As peças instrumentais
podem muitas vezes revelar aspetos da mestria musical de uma banda que as
letras não conseguem. Qual foi a ideia por trás de The Night Is Darker
Before The Dawn?
DA: Gostamos sempre de incluir uma faixa instrumental em todos os álbuns.
Nos álbuns anteriores, criámos canções mais focadas em solos de guitarra e em
mostrar as nossas habilidades. Desta vez, queríamos fazer algo diferente... e
também funciona como uma ponte entre The Path That Never Ends e Masters
Of Deceive. Pode dizer-se que é uma espécie de pausa ou momento de reflexão
antes de chegarmos às conclusões de Masters Of Deceive. Muitas pessoas
consideram estas faixas instrumentais a parte mais dispensável de um álbum.
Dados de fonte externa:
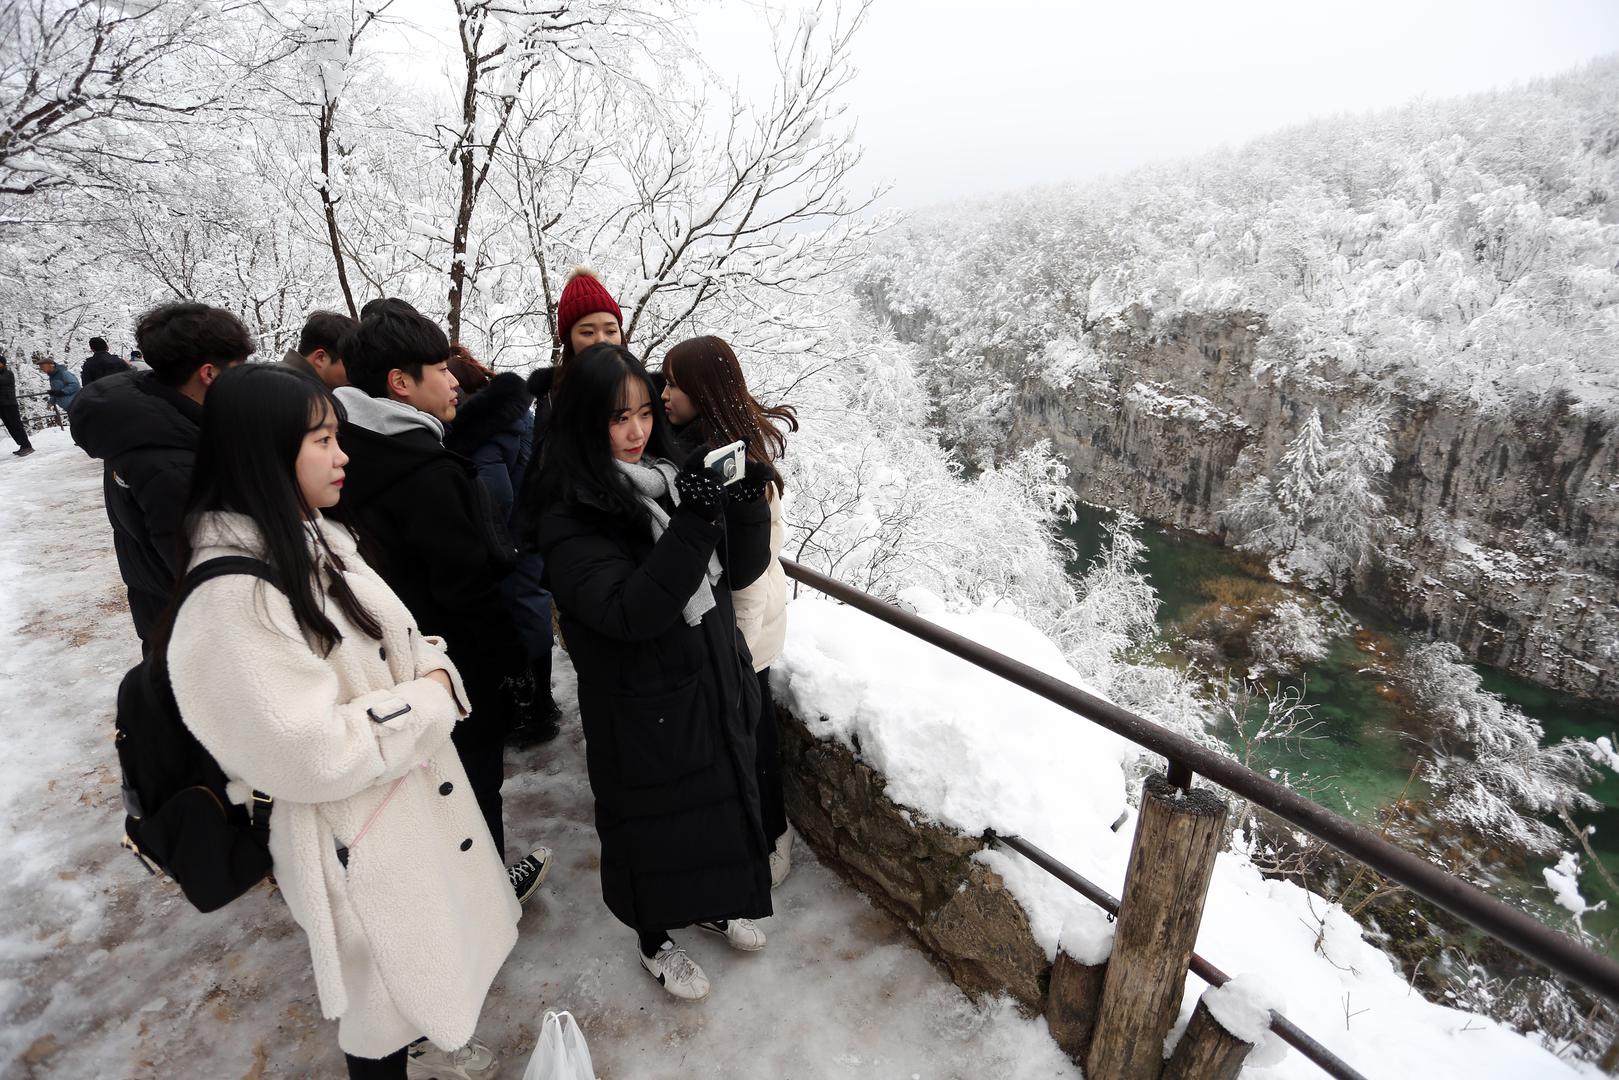 Preko 20 centimetara snježnog prekrivača i temperatura ispod nule nisu omeli brojne turiste u razgledavanju nacionalnog parka.

Acho que isto se deve ao facto de, hoje em dia, consumirmos música como se
fosse fast food do McDonald’s. Todos os nossos álbuns foram concebidos
para serem ouvidos com cuidado e atenção. Compreendo que isto não seja para
toda a gente, mas como a minha vida não depende disso, cada um pode ouvi-lo
como quiser.
O álbum termina com um
cover de Human Insecticide, dos Annihilator. Por que escolheram
precisamente esta canção e o que é que os Annihilator significam para os
Bloodhunter enquanto músicos?
DS: Por razões óbvias, os Annihilator são uma das bandas que nos
abriram caminho. A editora sugeriu que incluíssemos um cover na lista de
faixas do álbum, por isso começámos a discutir algumas opções e decidimos que Human
Insecticide era a escolha perfeita, porque se encaixava na perfeição com a
vibração principal do álbum.
Ao longo do álbum, há
um nível notável de trabalho de guitarra, desde riffs avassaladores até
linhas melódicas e solos memoráveis. Podem contar-nos como a parceria na
composição evoluiu em termos de equilíbrio entre a técnica e os refrões
cativantes?
DA: Na verdade, não alterámos muito o nosso processo de composição. O que
mudou radicalmente foi o tempo disponível para compor o álbum. Antes, podíamos
passar alguns anos a compor um álbum. Para este, recusei-me a começar a compor
qualquer coisa nova até termos um plano. Quando a Reigning Phoenix Music
e a FM apresentaram o plano, começámos a compor as canções… e tivemos
apenas seis meses para as compor. Seis meses para compor um álbum a tempo
parcial não é tanto tempo quanto parece. O Guille e eu trabalhamos muito
juntos, desafiamo-nos mutuamente, sugerimos coisas um ao outro... e fazemos com
que as canções ganhem em qualidade e detalhes.
Com o álbum já
disponível, quais são os planos dos Bloodhunter em relação aos concertos ao
vivo?
DS: Acabámos de concluir uma pequena digressão pela Espanha, abrindo os
concertos dos Crypta e tocando as novas canções ao vivo pela primeira
vez. Como lançámos o álbum há apenas algumas semanas, vamos perder a época dos
festivais de verão, mas já começámos a receber algumas propostas para o próximo
outono, pelo que poderemos levar este novo álbum a todo o lado.
Muito obrigado pelo
vosso tempo e por partilharem estas reflexões com Via Nocturna 2000. Gostariam
de deixar uma mensagem final para os vossos fãs e para todos aqueles que irão
descobrir Sons Of The Abandoned nos próximos meses?
DA: Convidamo-vos a mergulhar na música dos Bloodhunter,
especialmente no Sons Of The Abandoned, um álbum do qual nos orgulhamos muito.
Certamente encontrarão algo que vos chame a atenção (ou não). O importante é
desfrutar da música de todo o coração. Muito obrigado e cumprimentos!